Костек шевельнулся. Отлепил спину от стены. Все жесты оборваны, разговоры не закончены, языки перепутаны, автобусы мокнут в гаражах, потому что там – голову даю на отсечение – сейчас лупит дождь, а люди похожи на мокрые бумажные силуэты или на старые пятидесятизлотовки. Кстати, кто на них был? Шахтер был на пятисотке, женщина на двадцатке. Может, металлург или рыбак в зюйдвестке, как раз для холодного ливня?
– Ничего другого не остается. Десять километров, семьдесят килограммов, а мы едва на ногах держимся. Деньги у меня есть, если мужику заплатить, он поедет. Уж мужиков-то я знаю…
– Что, Бандурко, тройки тебе захотелось, саней, бубенцов, может, еще и с музыкой? И после всей этой вонючей конспирации теперь оркестр желаешь заказать? Один мужик на санях к нам, а другой в ближайшее отделение исполнительной власти, да? Оба получают по полштуки и три дня пьют за наше здоровье.
Бандурко подбежал к Малышу и вырвал у него бутылку:
– Перестань пить, мы должны поговорить.
– Одно другому не мешает.
Бандурко присел на кровать, забытую бутылку он держал в опущенной руке – прямо как в парке, когда дожидаешься, когда аллею покинут случайные прохожие.
– По мне, так можешь себе идти куда глаза глядят. А я посижу в тепле и подумаю, есть ли мне смысл дожидаться тебя. Кстати, отдай, пожалуйста, сосуд, если ты им не пользуешься.
Над головами у нас загрохотало. Ветер сдирал с крыши плохо прибитые куски рубероида. С потолка посыпалась пыль. Свист и гул был такой, словно там, над нами, находилось какое-то живое существо. Мы были одни и в то же время не одни. Возможно, это хлопанье, это движение оберегало нас от безумия. В тишине мы, наверное, набросились бы друг на друга. Для того только, чтобы эту тишину разрушить.
– Хорошо, – сказал Бандурко и встал. Непонятно, к чему относилось это «хорошо», потому что бутылка осталась на полу.
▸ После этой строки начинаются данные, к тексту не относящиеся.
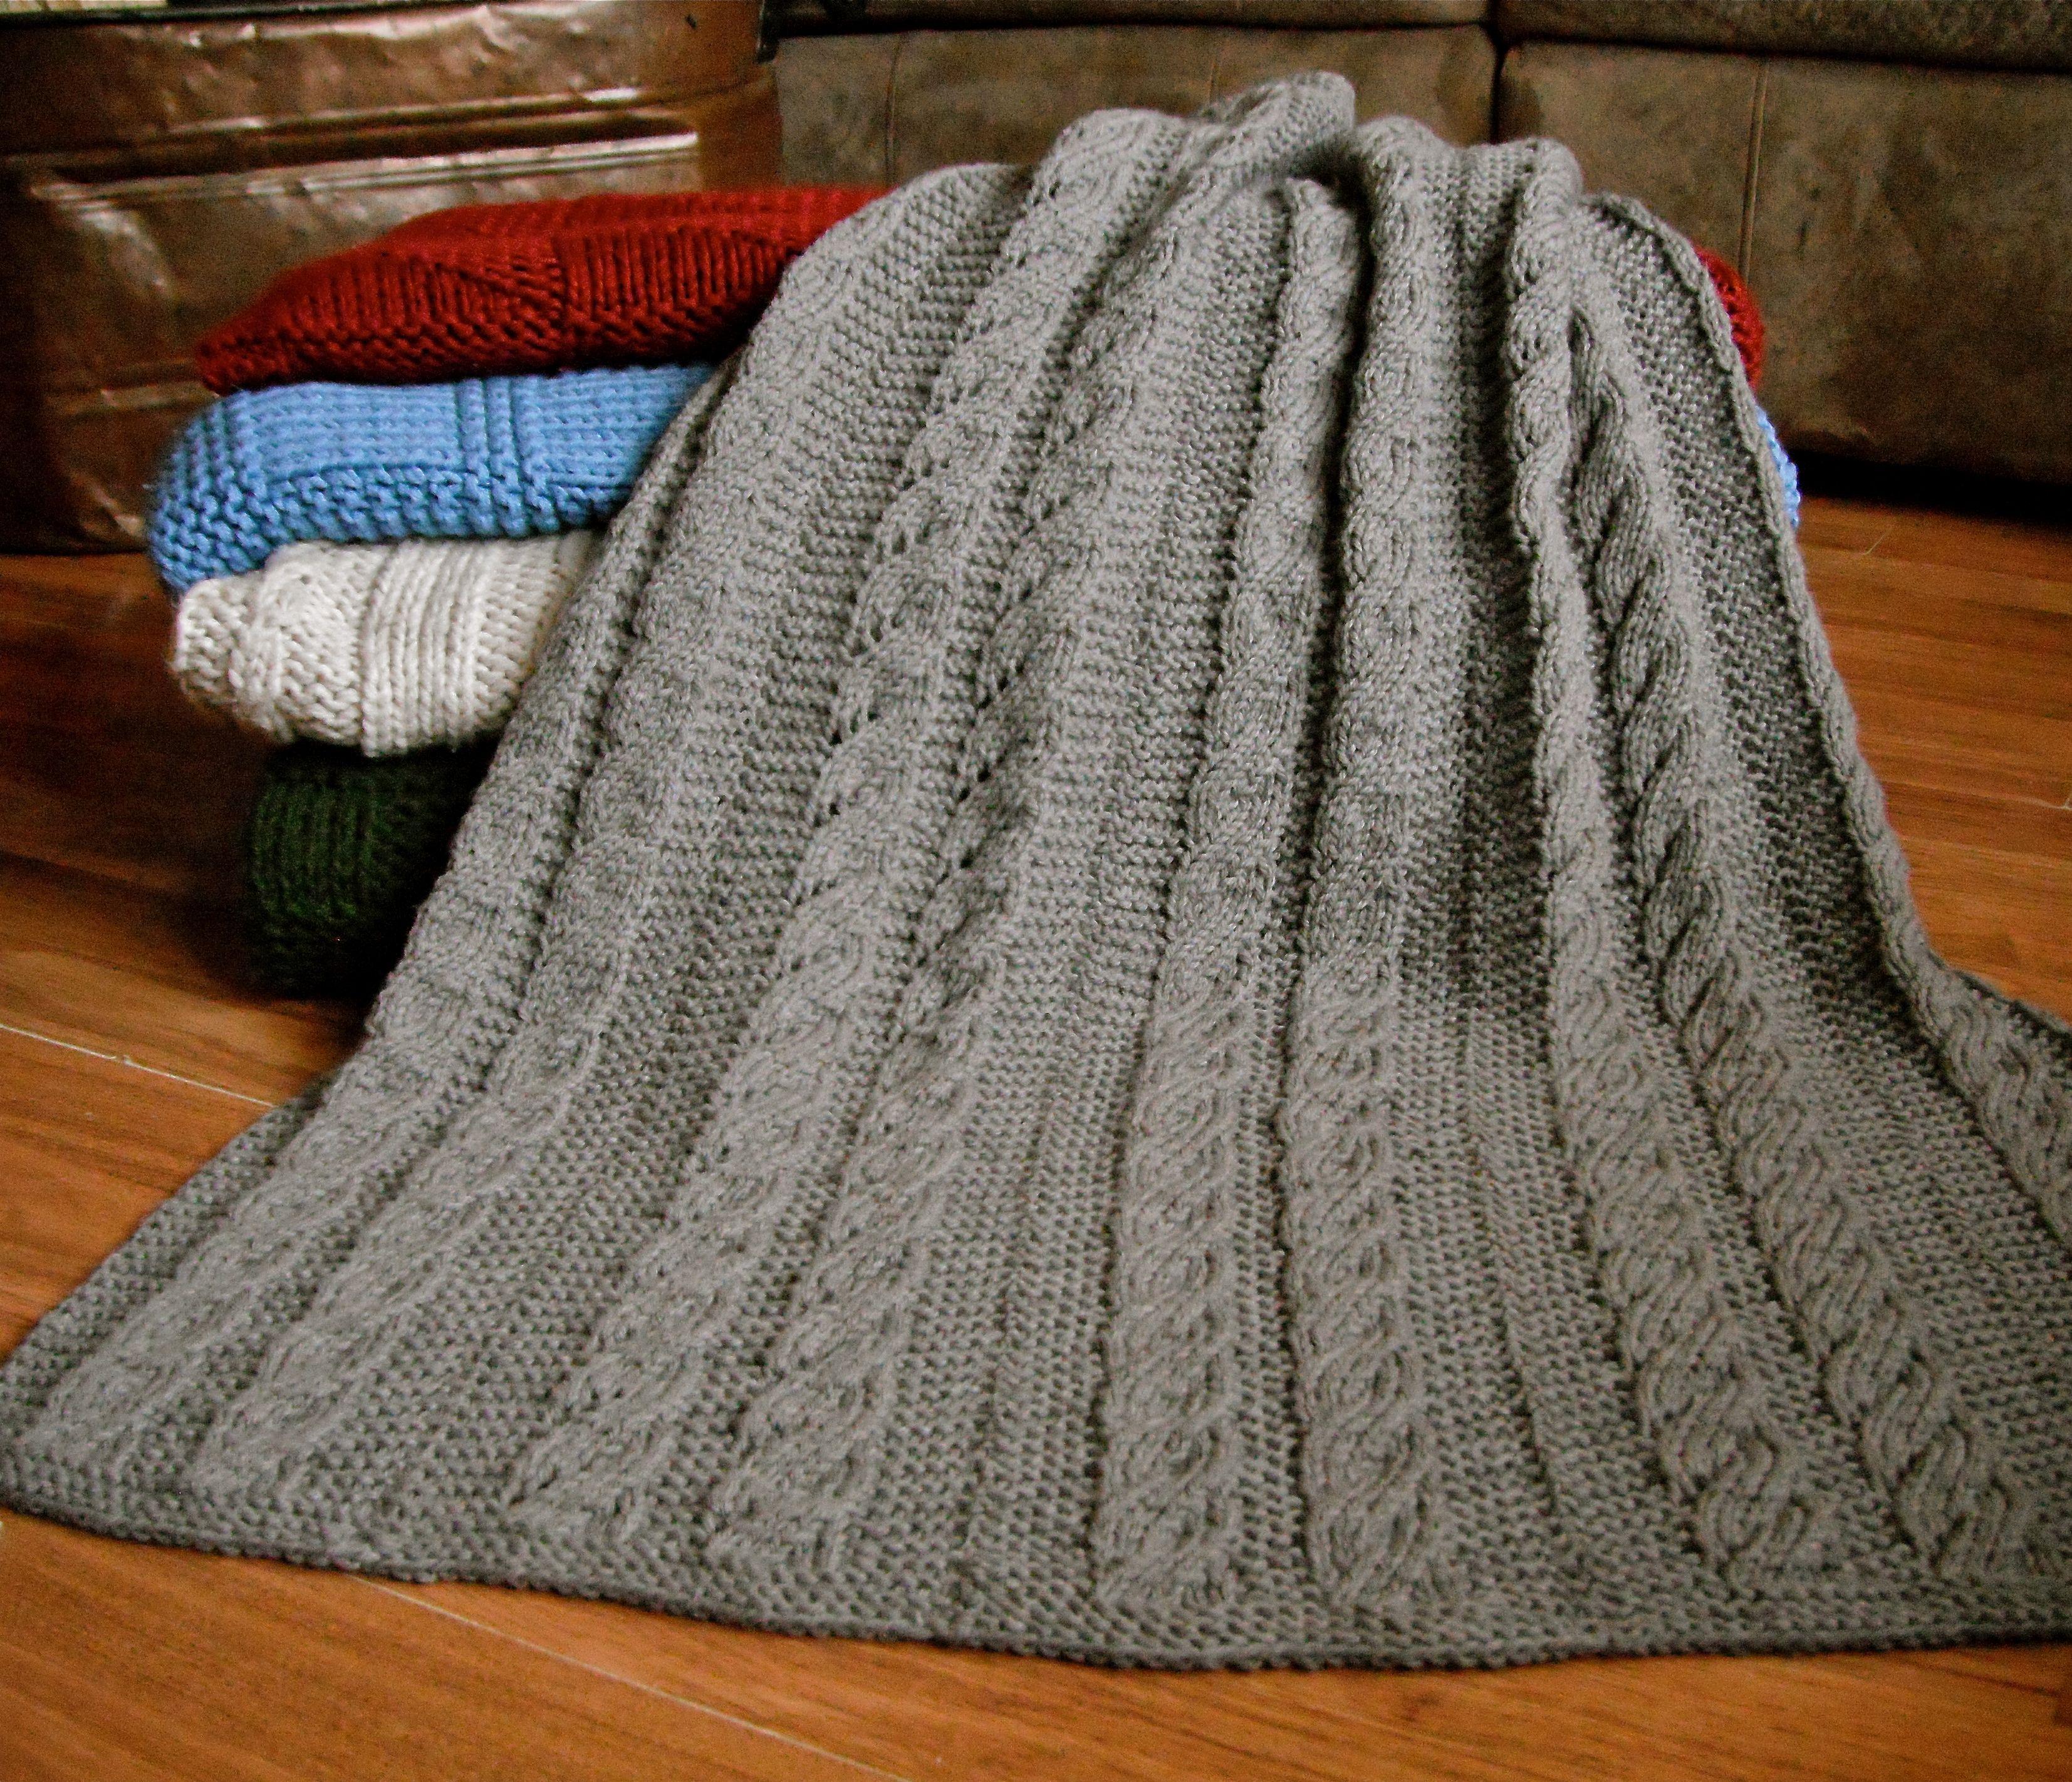 Knit Blanket Pattern Spiral Columns Ba Blanket Pattern Knitting Patterns And Crochet

Он принялся кружить по каморке, застегивал куртку, подбирал разбросанные вещи, шапку, шарф, перчатки, достал бумажник, заглянул в него, вытащил нераспечатанную пачку «Мальборо», бросил на кровать, стал проверять, все ли зашнуровано, застегнуто, не торчит ли что-нибудь где-нибудь, рубашка из штанов, голое тело из одежды. Мне бы тоже не хотелось выходить. Никто из нас не пошевельнулся. Мы были заняты своими делами. Малыш думал о бутылке, а Гоксер – чтобы его не тревожили. – Хорошо, – повторил Бандурко. – До вечера я вернусь. Делайте что хотите.
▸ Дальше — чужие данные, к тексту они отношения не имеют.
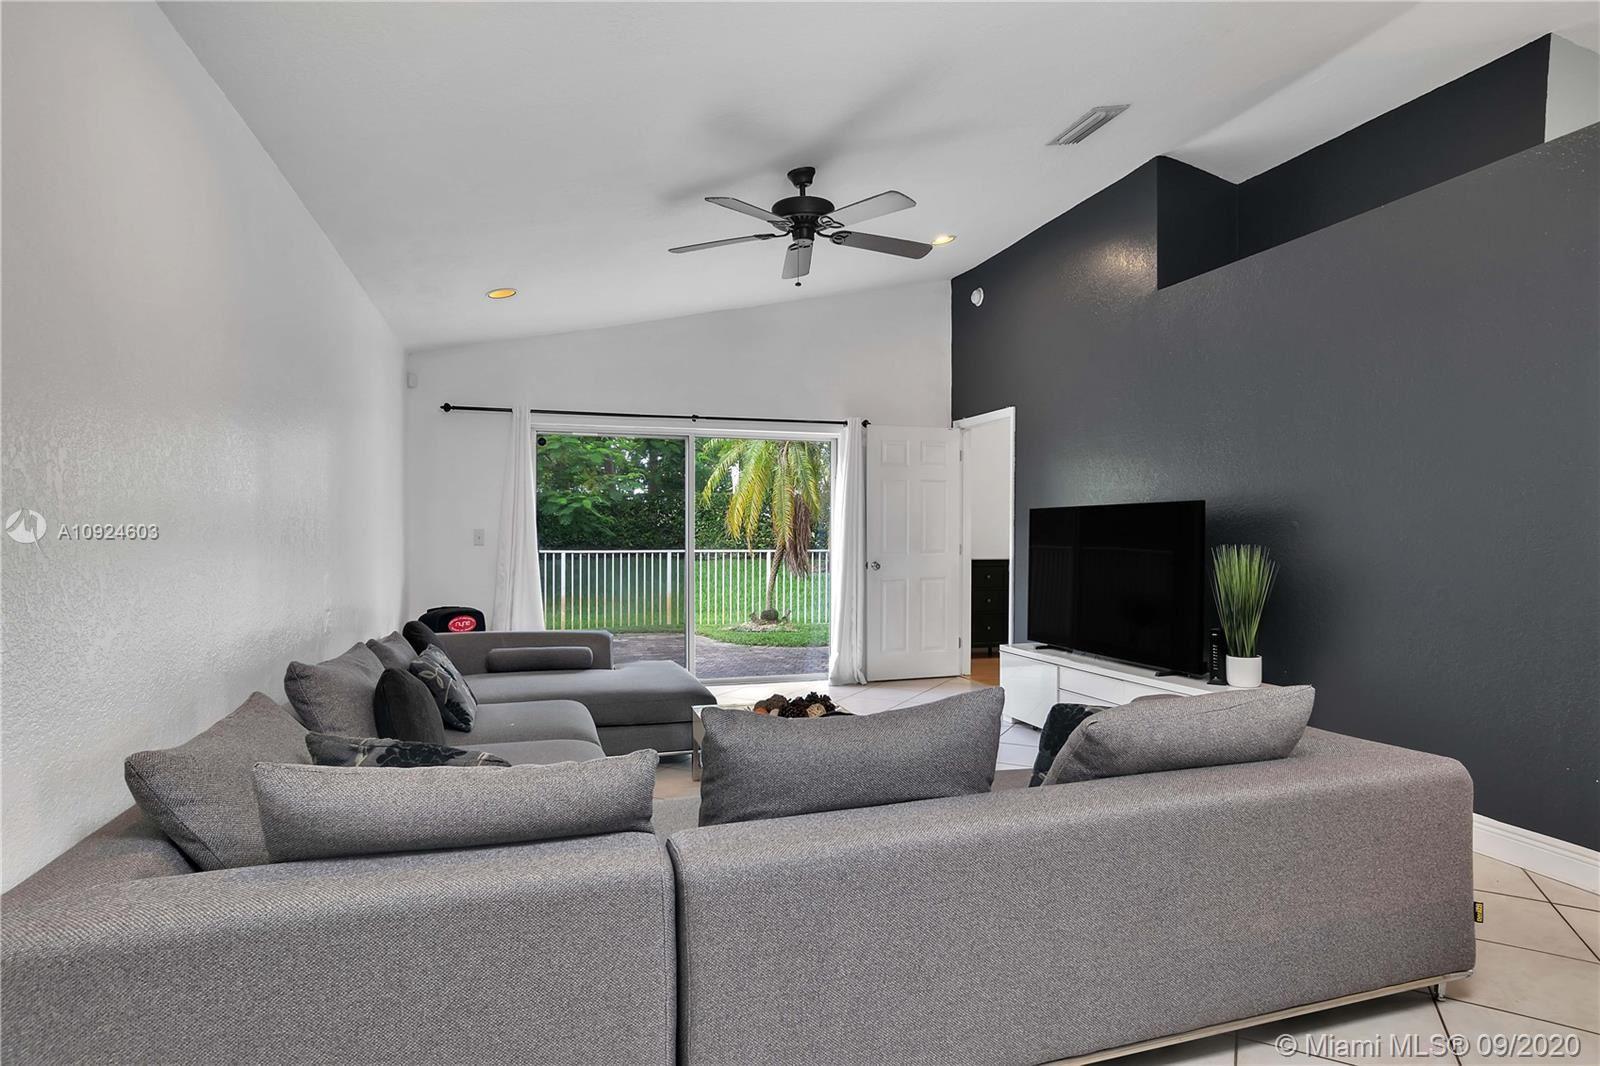 Photo of 1818 SW 177th Ave, Miramar, FL 33029 (MLS # A10924603)

Он одернул полы куртки, и я ждал, что сейчас услышу щелканье каблуков, но он просто повернулся и, опустив голову, двинулся к двери. Он был уже в шаге от нее, и тут Костек вскочил, да так стремительно, словно все это время копил силы для рывка. Он встал в дверях, опершись ладонями о косяк.
– Никуда ты не пойдешь. Малыш был прав, когда говорил про… оркестр. И в остальном тоже. Мы и оглянуться не успеем, как они будут здесь. Нам нужно затаиться еще дня на два, на три.
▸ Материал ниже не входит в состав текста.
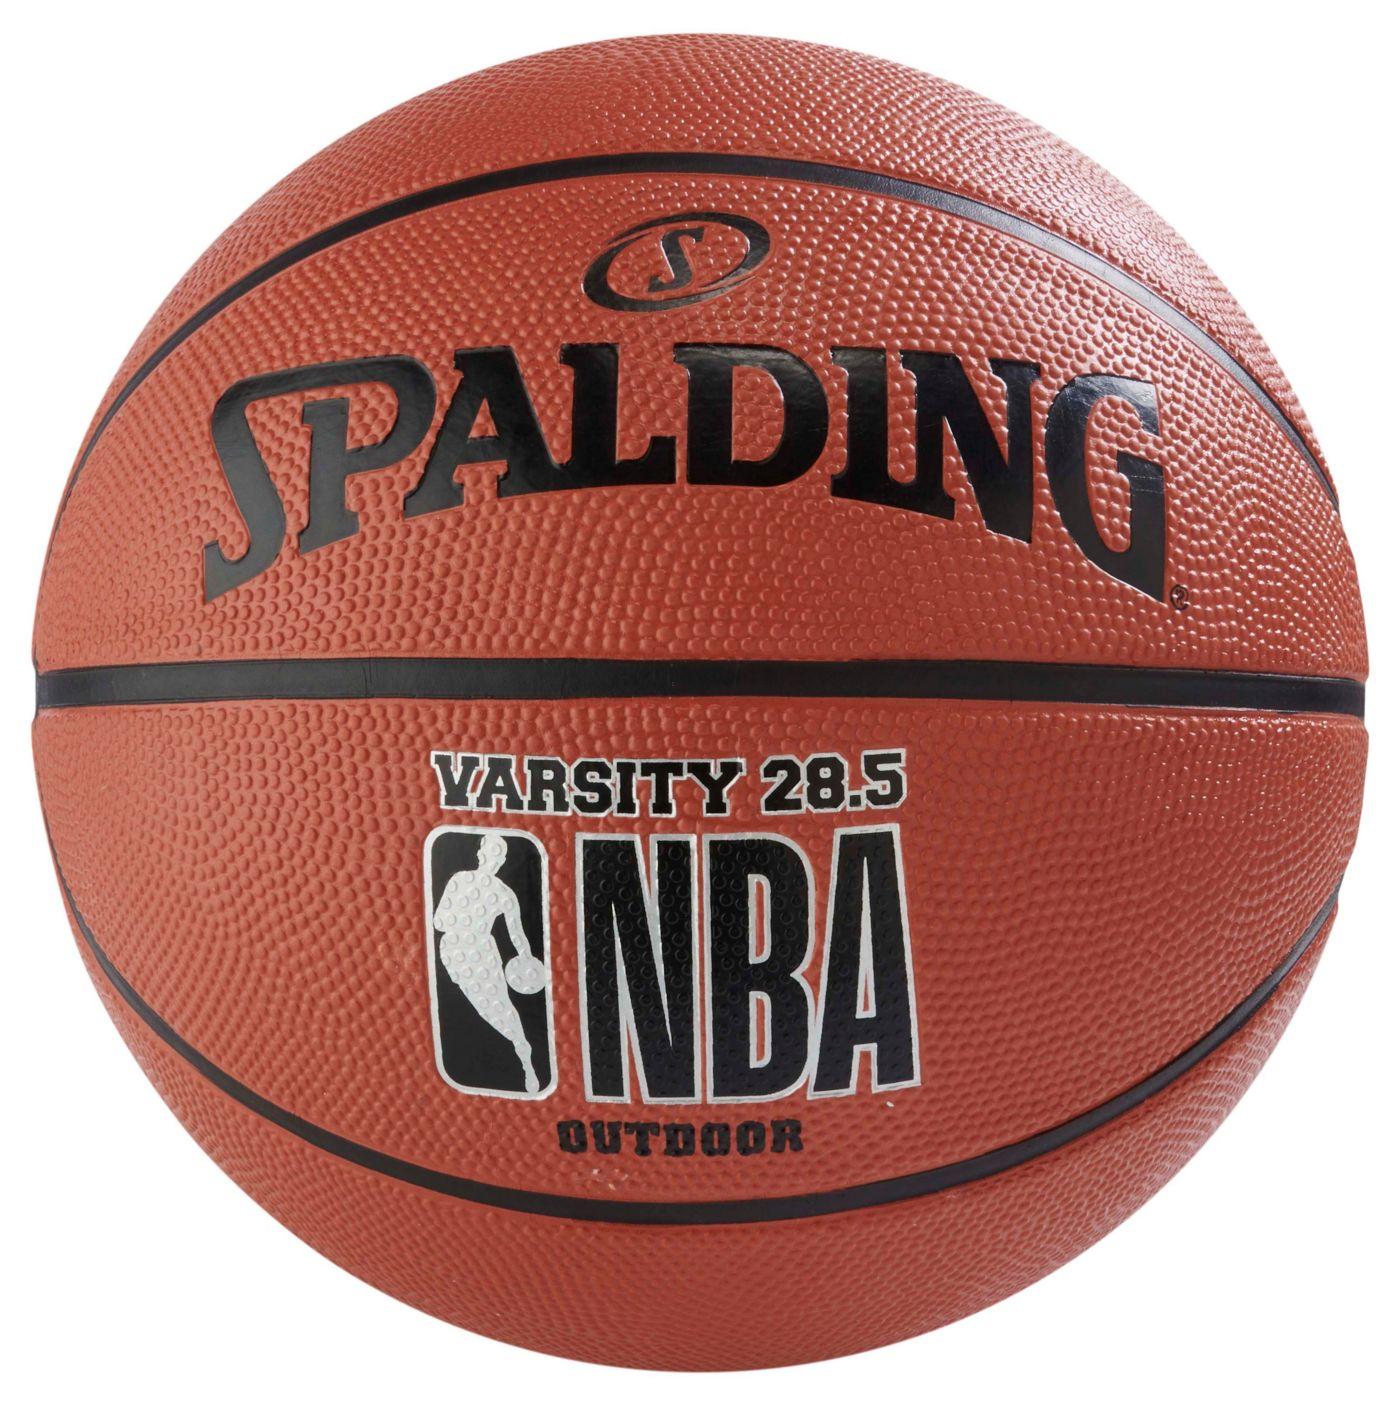 "Spalding NBA Varsity Outdoor Basketball (28.5"")"

Василь схватил его за руку и попробовал оторвать. Несколько секунд они возились. В конце концов, получив удар в грудь, Бандурко отлетел назад.
– Эй! Ты! – Малыш шел к двери. Он отодвинул Василя, как вещь, как отодвигают занавеску.
– Ты! Второй раз уже при мне позволяешь себе лишнего. Ты ударил моего школьного друга. Если надо будет, я сам ему врежу, а ты держи руки при себе.
Костек продолжал стоять в дверях.
– Он никуда не пойдет, и ты прекрасно знаешь, что нельзя этого делать, что это глупость.
– Но не тебе ему запрещать. Вали отсюда. К окну.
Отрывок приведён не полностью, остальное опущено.